## INPUT
▼

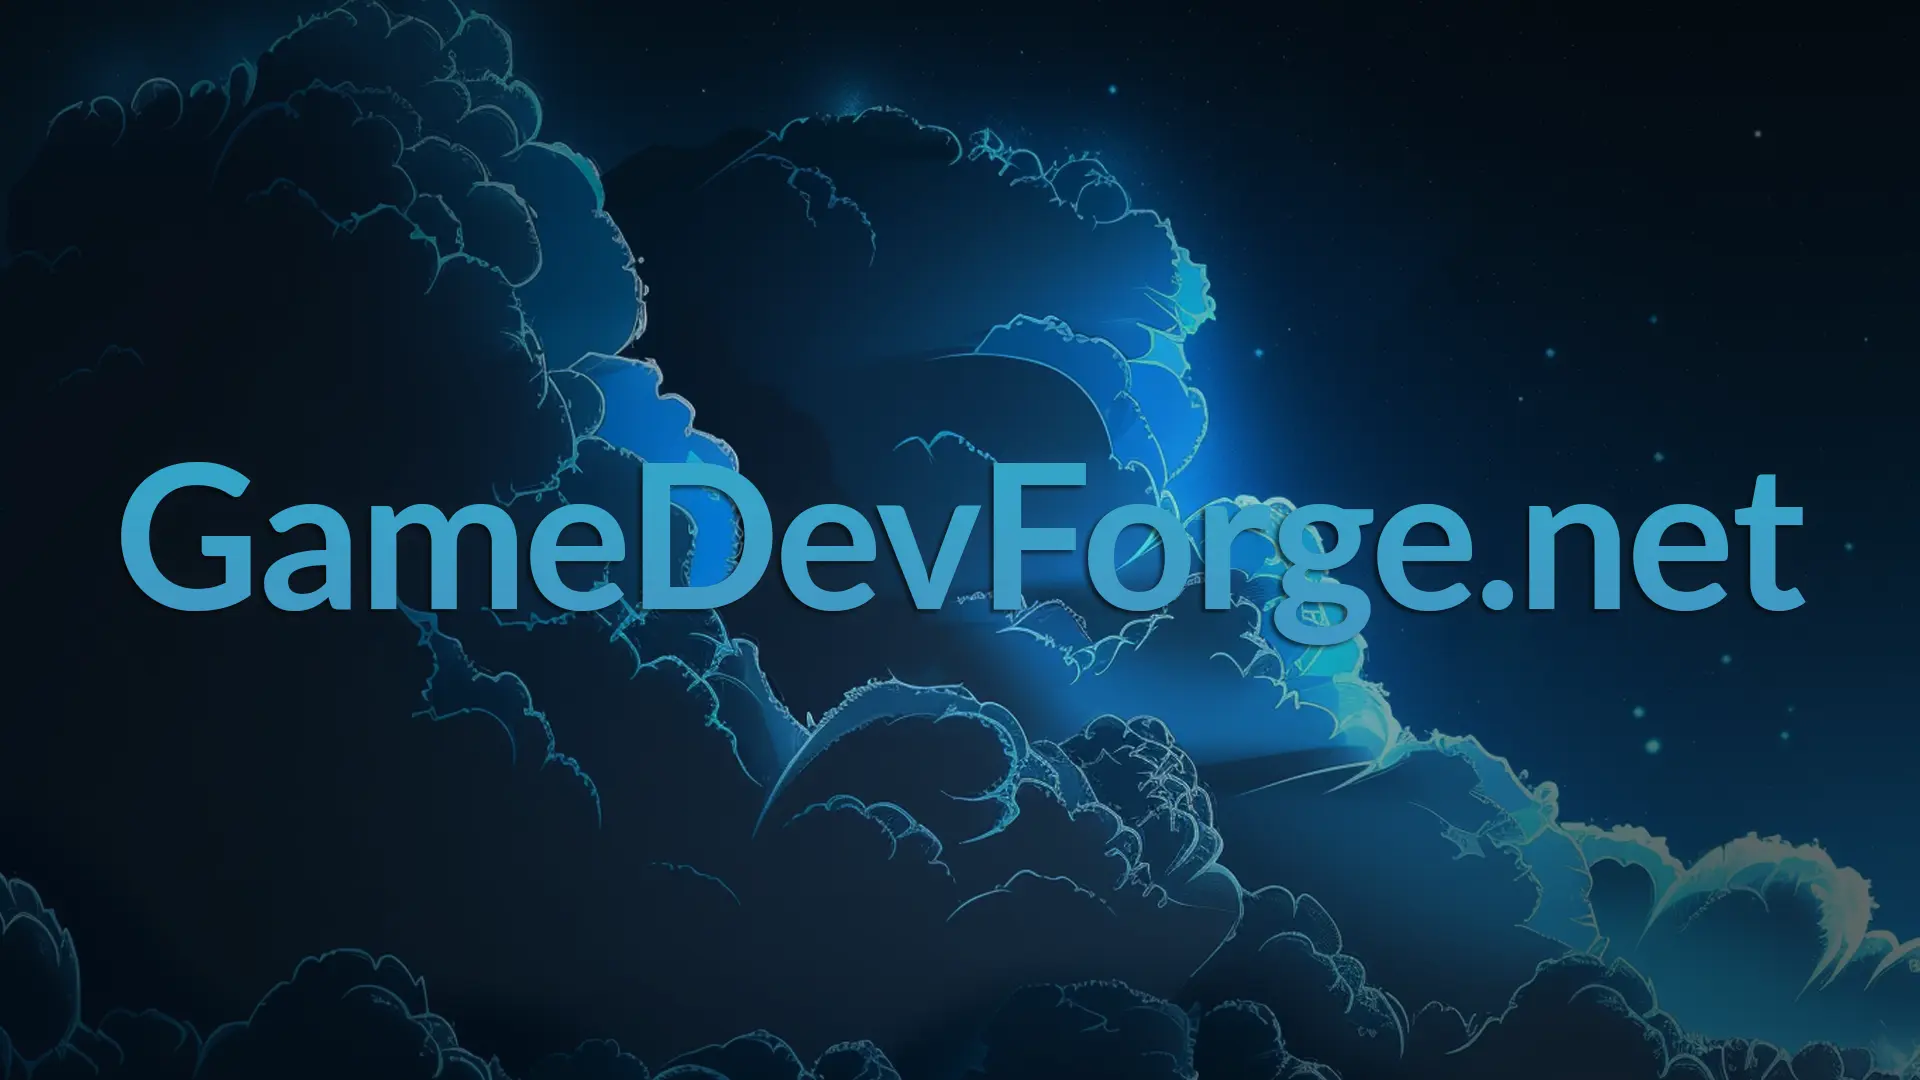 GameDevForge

▲
▼

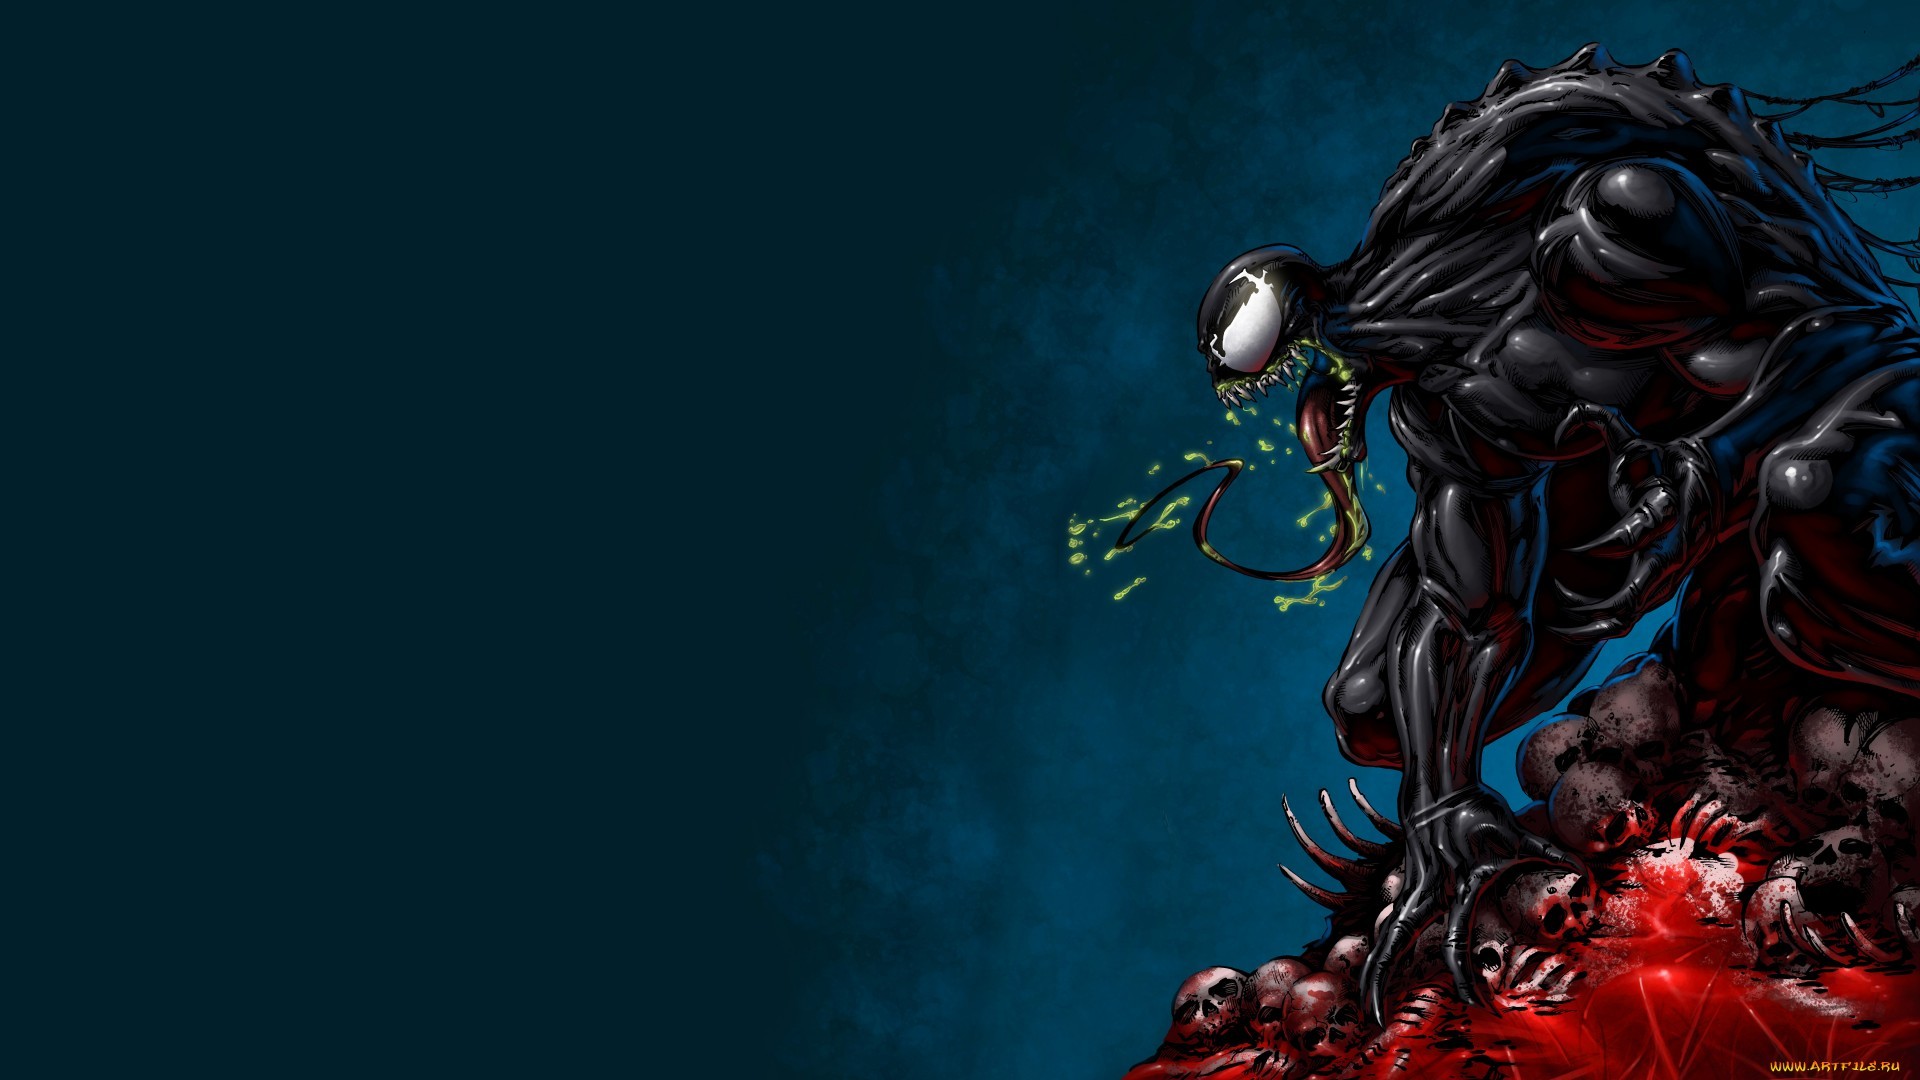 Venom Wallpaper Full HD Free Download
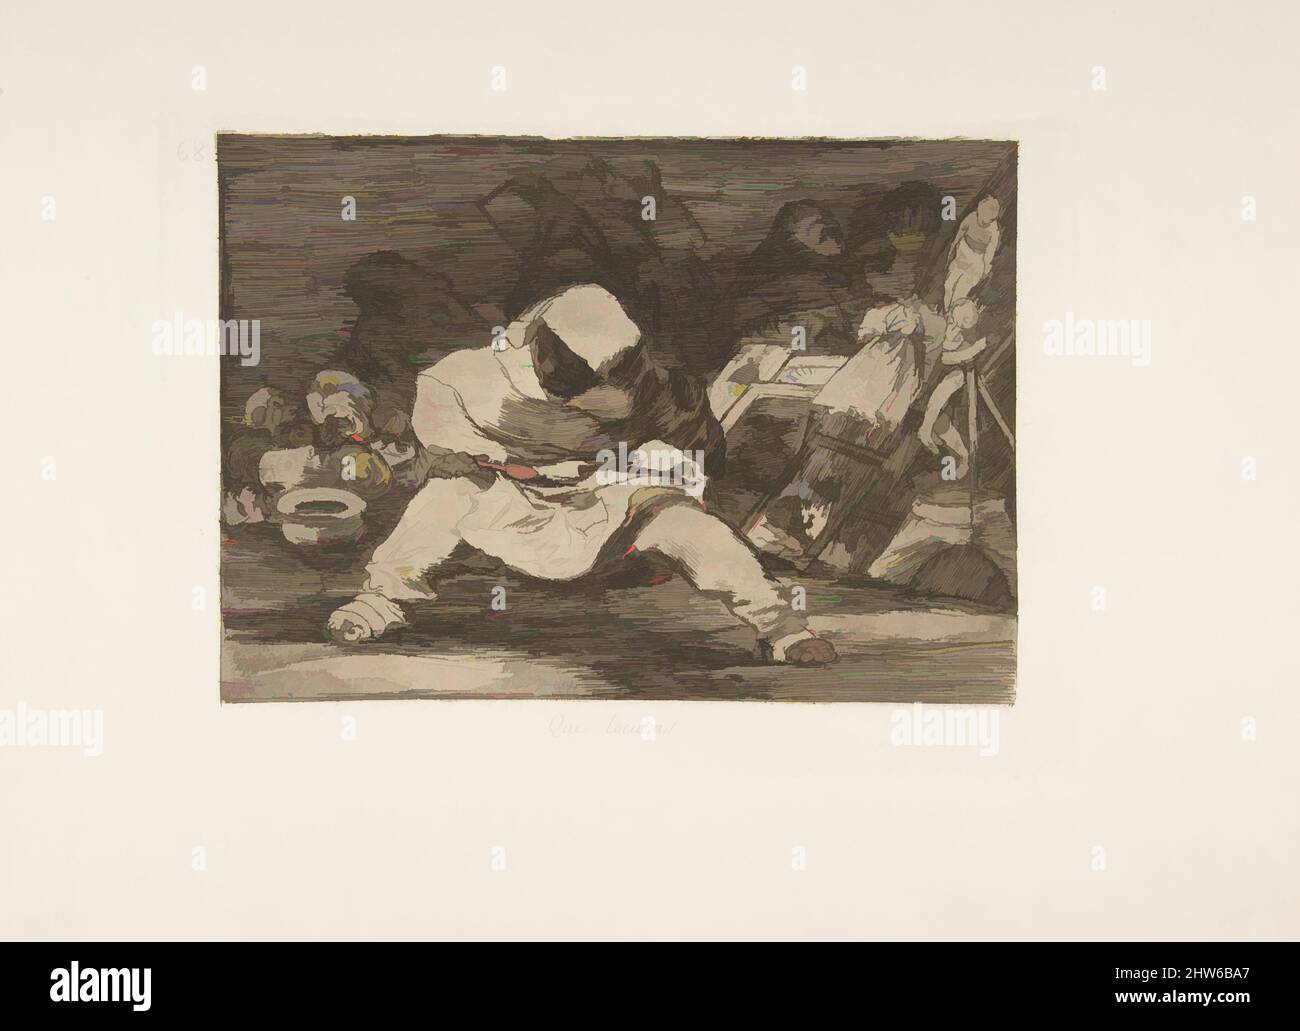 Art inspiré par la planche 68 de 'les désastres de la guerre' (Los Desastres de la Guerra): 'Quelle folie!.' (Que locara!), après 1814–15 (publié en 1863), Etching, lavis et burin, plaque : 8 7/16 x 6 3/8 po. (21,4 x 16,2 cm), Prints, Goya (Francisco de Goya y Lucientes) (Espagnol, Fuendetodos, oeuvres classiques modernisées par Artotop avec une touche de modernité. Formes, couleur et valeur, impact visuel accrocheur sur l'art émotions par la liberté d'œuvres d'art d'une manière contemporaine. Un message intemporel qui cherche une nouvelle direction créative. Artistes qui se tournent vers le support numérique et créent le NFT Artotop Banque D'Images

▲

## ASSIGNMENT
Which part of the entries opens with the line containing "Venom Wallpaper Full HD Free Download" and closes with the line containing "Art inspiré par"? Output that part exactly, ends included, pictures excluded.

## SOLUTION BELOW
 Venom Wallpaper Full HD Free Download
 Art inspiré par la planche 68 de 'les désastres de la guerre' (Los Desastres de la Guerra): 'Quelle folie!.' (Que locara!), après 1814–15 (publié en 1863), Etching, lavis et burin, plaque : 8 7/16 x 6 3/8 po. (21,4 x 16,2 cm), Prints, Goya (Francisco de Goya y Lucientes) (Espagnol, Fuendetodos, oeuvres classiques modernisées par Artotop avec une touche de modernité. Formes, couleur et valeur, impact visuel accrocheur sur l'art émotions par la liberté d'œuvres d'art d'une manière contemporaine. Un message intemporel qui cherche une nouvelle direction créative. Artistes qui se tournent vers le support numérique et créent le NFT Artotop Banque D'Images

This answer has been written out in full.